STANFORD, Calif. - Scientists at the Stanford University School of Medicine are shedding light on how type-1 diabetes begins.
Doctors have known the disease is caused by an autoimmune attack on the pancreas, but the exact trigger of the attack has been unclear. Now, a new study in mice implicates the immune signal interferon-alpha as an early culprit in a chain of events that upend sugar metabolism and make patients dependent on lifelong insulin injections.
"We never considered that interferon-alpha could be a major player in early type-1 diabetes," said Qing Li, MD, PhD, a postdoctoral scholar in microbiology and immunology who was the primary author of a paper describing the new result. The study is published in today's issue of Proceedings of the National Academy of Sciences. "This was a pretty surprising finding."
Interferon-alpha normally helps the body fight viruses. Synthetic interferon-alpha is injected as a drug for treating hepatitis C and some forms of cancer, Li noted.
"Everybody's been wondering what process initiates type-1 diabetes," said Hugh McDevitt, MD, professor of microbiology and immunology and the study's senior author.

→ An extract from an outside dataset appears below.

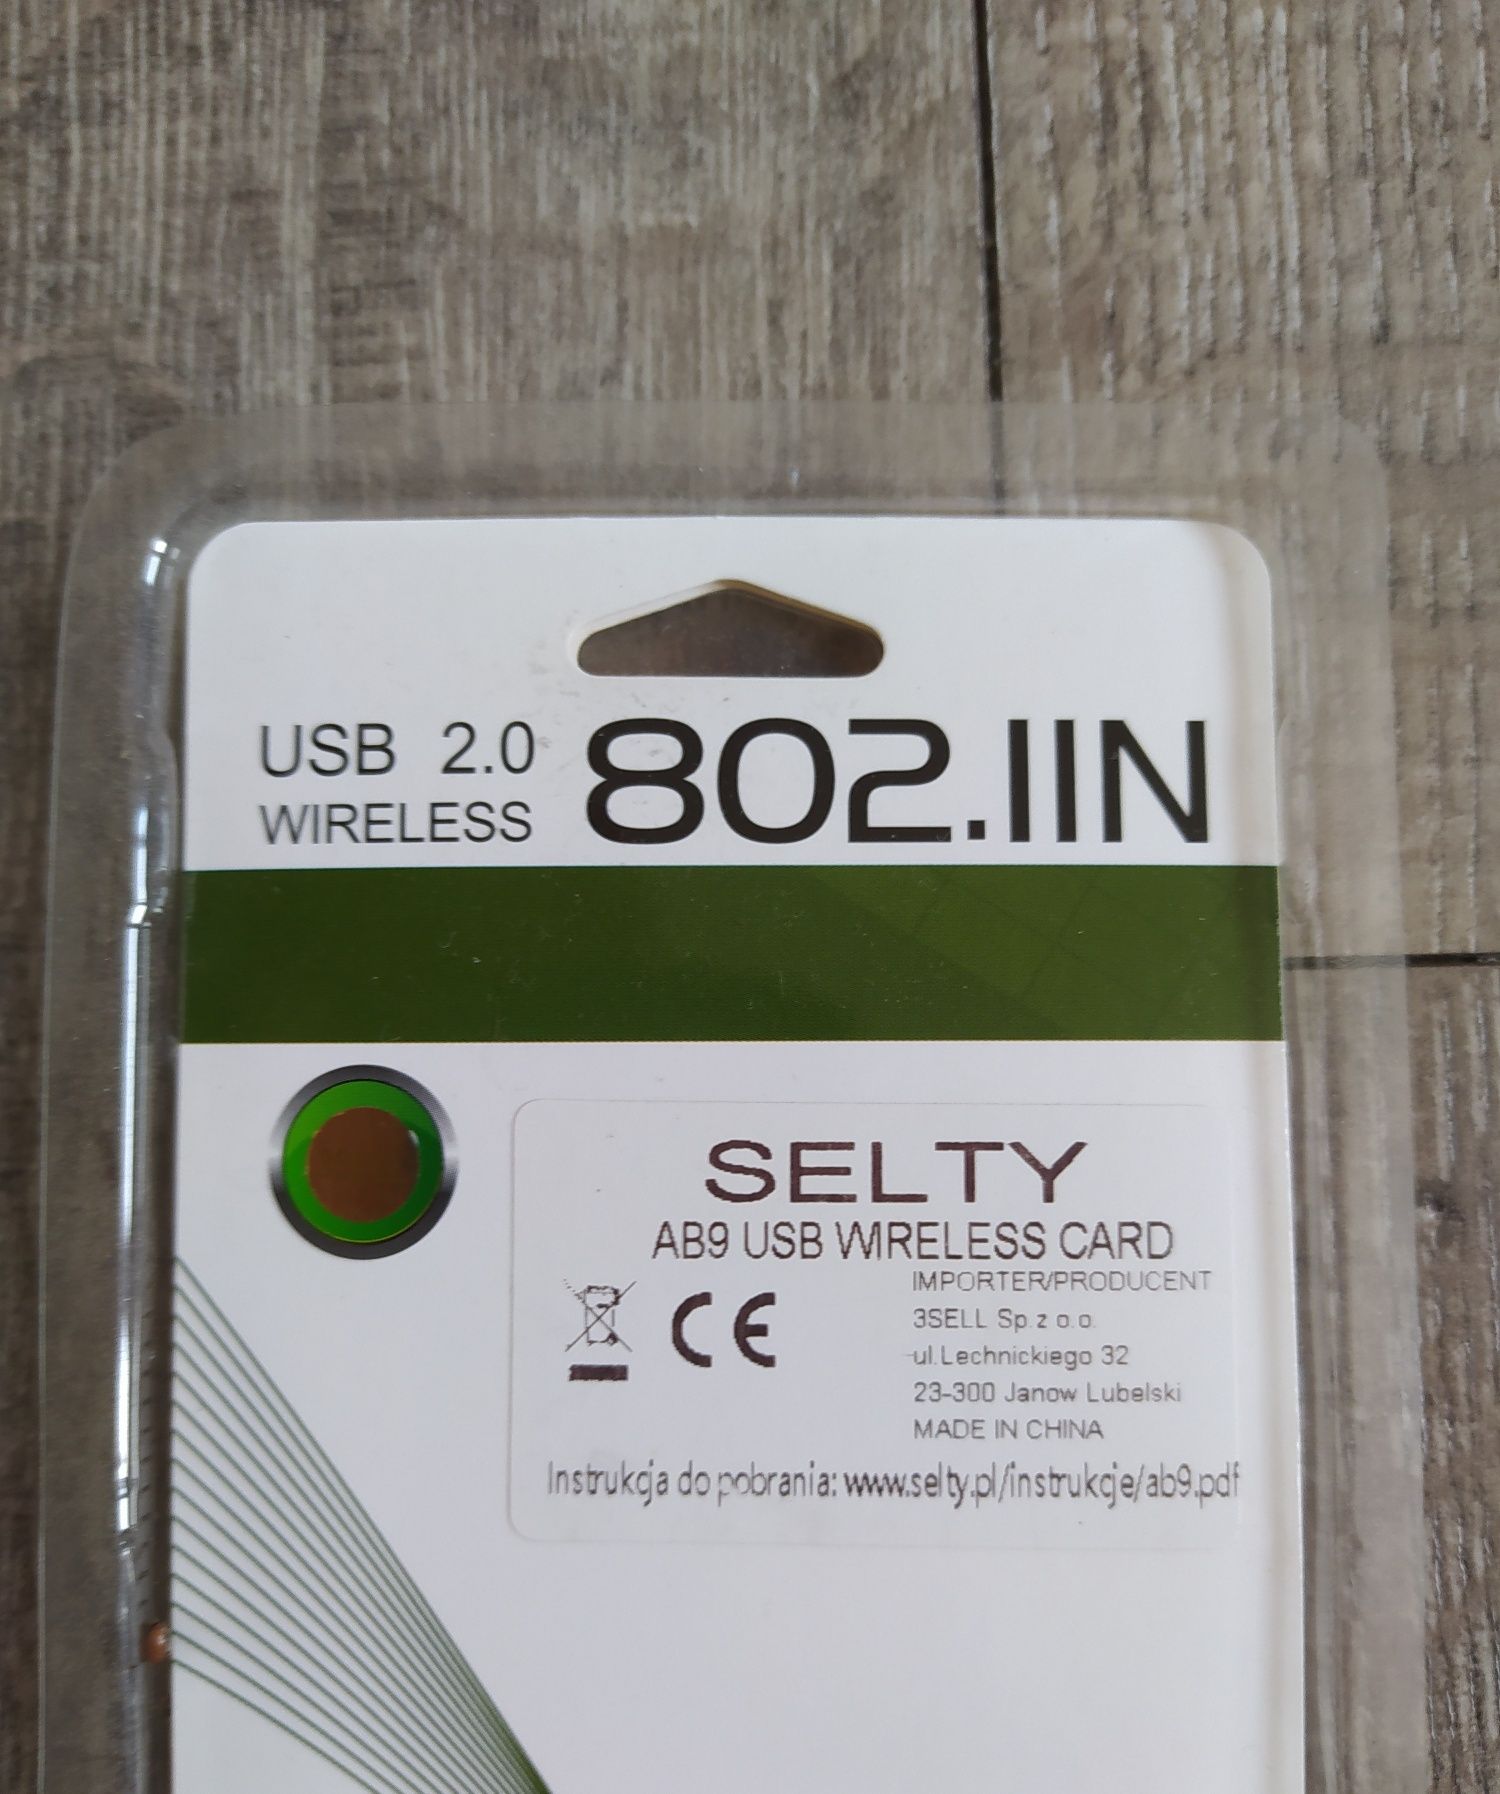 Płyta USB 2.0 Wireless 802.IIN Wysyłka

Type-1 diabetes is caused by complete deficiency of insulin, a hormone that helps the body store and burn sugar. About 1 million Americans have the disease, also known as juvenile diabetes because it tends to be diagnosed in children and young adults, for which there is no effective prevention or cure. Diabetes is a leading cause of heart disease, blindness, limb amputations and kidney failure.
The early pathology of type-1 diabetes is hard to study in humans, McDevitt said, because it's almost impossible to predict who will get the disease and when it will develop. Scientists have relied on animal models, such as diabetic mice, because they predictably develop high blood sugar and other features of the human disease.